Gene co-expression detection software tools | Transcription data analysis
Ever since the publication of the first gene expression arrays, the correlated expression of genes involved in a related molecular process has been used to predict functional relations between gene pairs. Large amounts of microarray and RNA-seq transcript expression, measured under a plethora of conditions enable mining for concordantly expressed genes.
Predicts the function of genes and gene sets. GeneMANIA is used for probing of gene function and revealing pairwise connections linking genes in yeast, fly, worm, human and other species. It allows users to construct networks from gene lists for custom organisms and network data. The prediction performed provides a method for leveraging functionally informative associations to explore bacterial gene function.
A comprehensive collection of R functions for performing various aspects of weighted correlation network analysis. WGCNA includes functions for network construction, module detection, gene selection, calculations of topological properties, data simulation, visualization, and interfacing with external software. While the methods development was motivated by gene expression data, the underlying data mining approach can be applied to a variety of different settings.
An R/C++ package to identify patterns and biological process activity in transcriptomic data. CoGAPS provides an integrated package for isolating gene expression driven by a biological process, enhancing inference of biological processes from transcriptomic data. It improves on other enrichment measurement methods by combining a Markov chain Monte Carlo (MCMC) matrix factorization algorithm (GAPS) with a threshold-independent statistic inferring activity on gene sets. coGAPS infers biological activity by identifying overlapping, coregulated sets of genes and applying Z-score based statistics. It can be used to isolate transcription factor (TF) or BP activity in datasets of thousands of genes and tens to thousands of samples. The software is provided as open source C++ code built on top of JAGS software with an R interface.

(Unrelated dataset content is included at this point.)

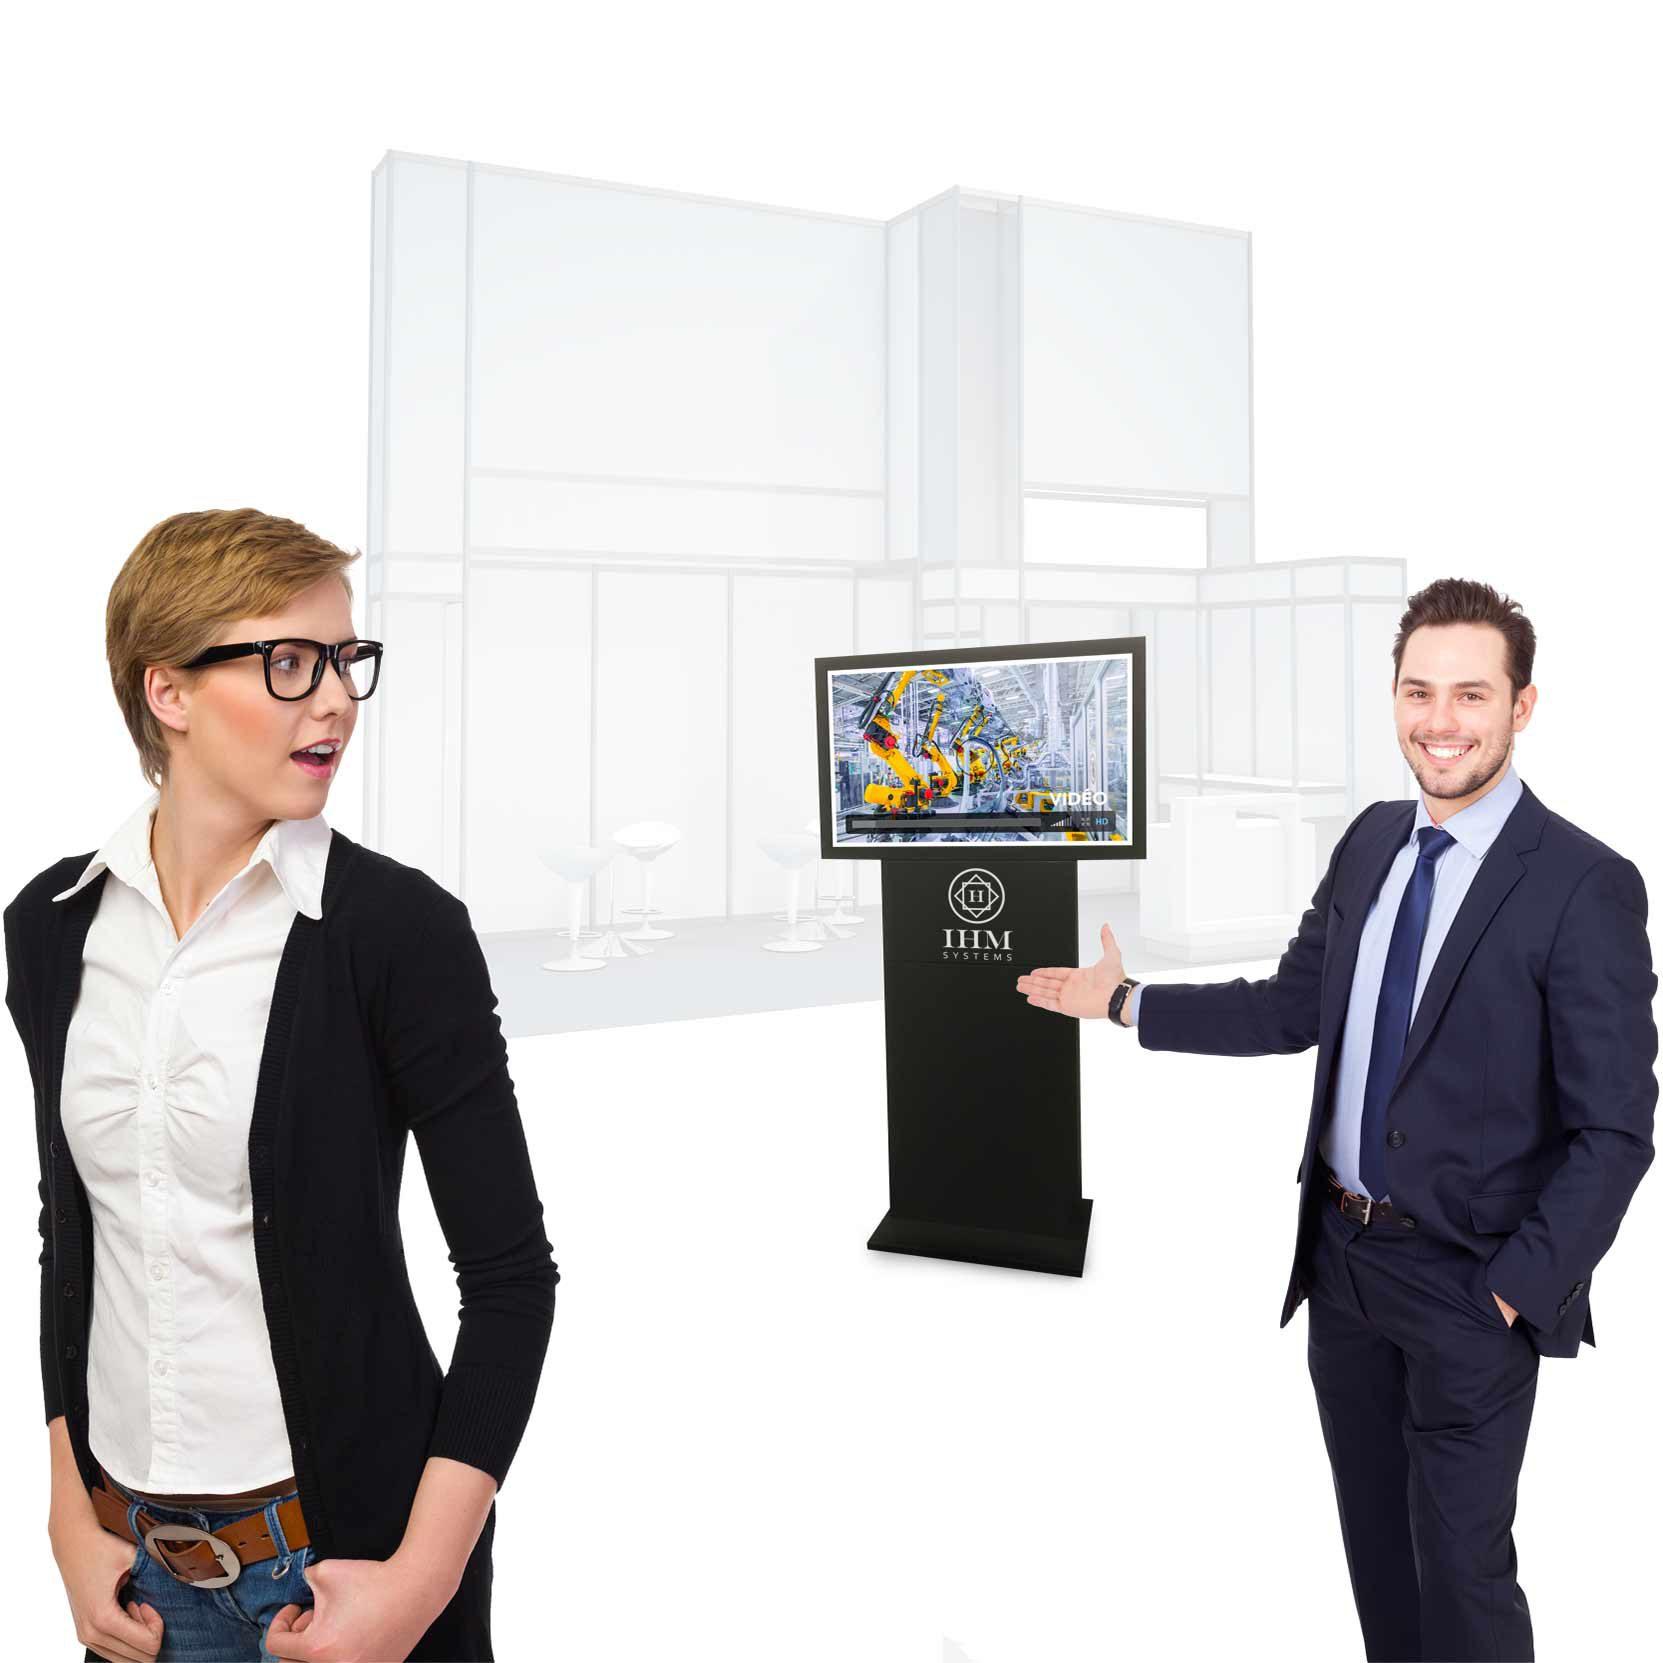 ihm-systems-totem-tactile-dynamique-stand-salon-professionnel

Scores the evolutionary conservation of gene neighborhoods using syntenic blocks. G-NEST combines genomic location, gene expression, and evolutionary sequence conservation data to score putative gene neighborhoods across all possible window sizes in terms of gene number or base pair length. This algorithm utilizes quantitative gene expression data, such as that derived from microarray or RNA-sequencing technologies. It also enables the identification of neighborhoods containing paralogous, divergent, or unannotated genes.

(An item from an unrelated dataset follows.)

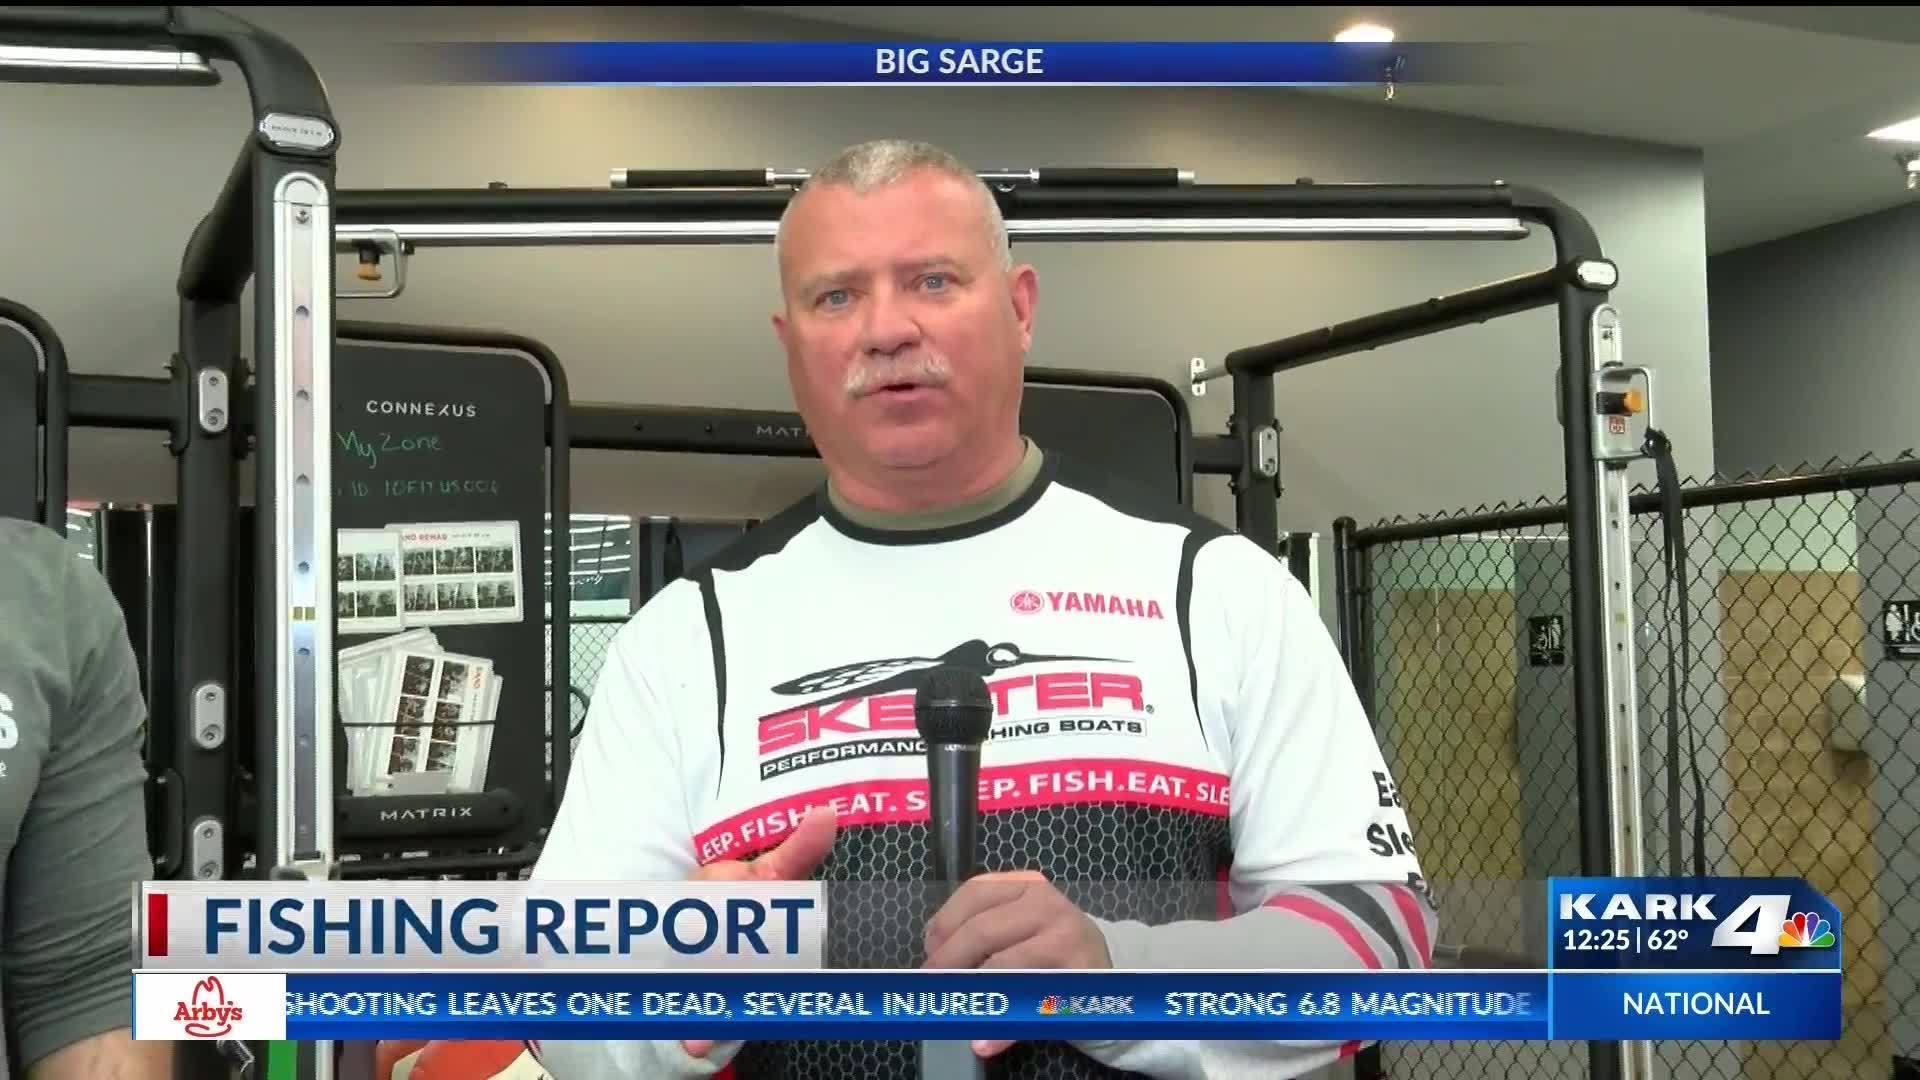 Big_Sarge_fishing_report_for_April_12_3_20190412191351-118809306

Provides a sequence-independent comparative framework for two or more genomic datasets, where the variables and operations represent biological reality. The approximately common HO GSVD subspace represents the cell-cycle mRNA expression oscillations, which are similar among the datasets. Applications of HO GSVD in biotechnology include comparison of multiple genomic datasets, each corresponding to (i) the same experiment repeated multiple times using different experimental protocols; (ii) one of multiple types of genomic information, such as DNA copy number, DNA methylation and mRNA expression, collected from the same set of samples; (iii) one of multiple chromosomes of the same organism, to illustrate their relation; and (iv) one of multiple interacting organisms, e.g., in an ecosystem, to illuminate the exchange of biological information in these interactions.

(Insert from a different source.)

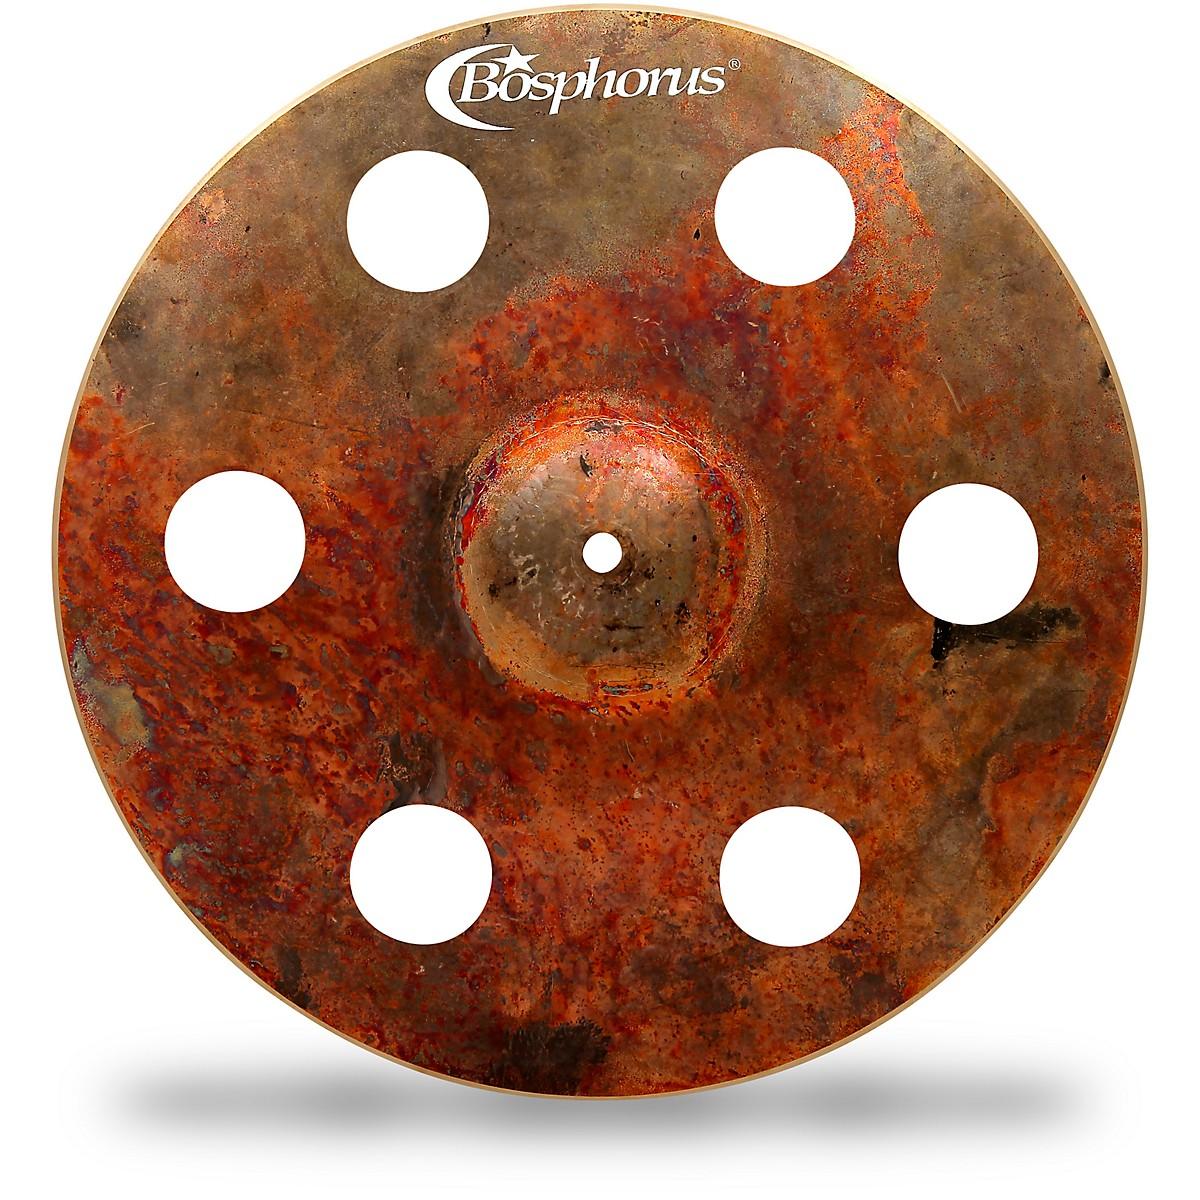 Bosphorus Cymbals Turk Fx Crash with 6 Holes

Provides a multivariate differential coexpression test that accounts for the complete correlation structure between genes. GSNCA characterizes differences in coexpression networks, without requiring the network inference step. GSNCA should be a valuable addition to gene set analysis approaches because (i) it identifies differentially coexpressed pathways that are overlooked otherwise, (ii) eigenvectors are computed efficiently and (iii) it provides information about the importance of genes in pathways that may result in new biological hypotheses.
Utilizes the estimated pseudotime of the cells to find gene co-expression that involves time delay. LEAP sorts cells according to the estimated pseudotime and then computes the maximum correlation of all possible time lags. In addition, LEAP can apply a time-series inspired lag-based correlation analysis to reveal linearly dependent genetic associations.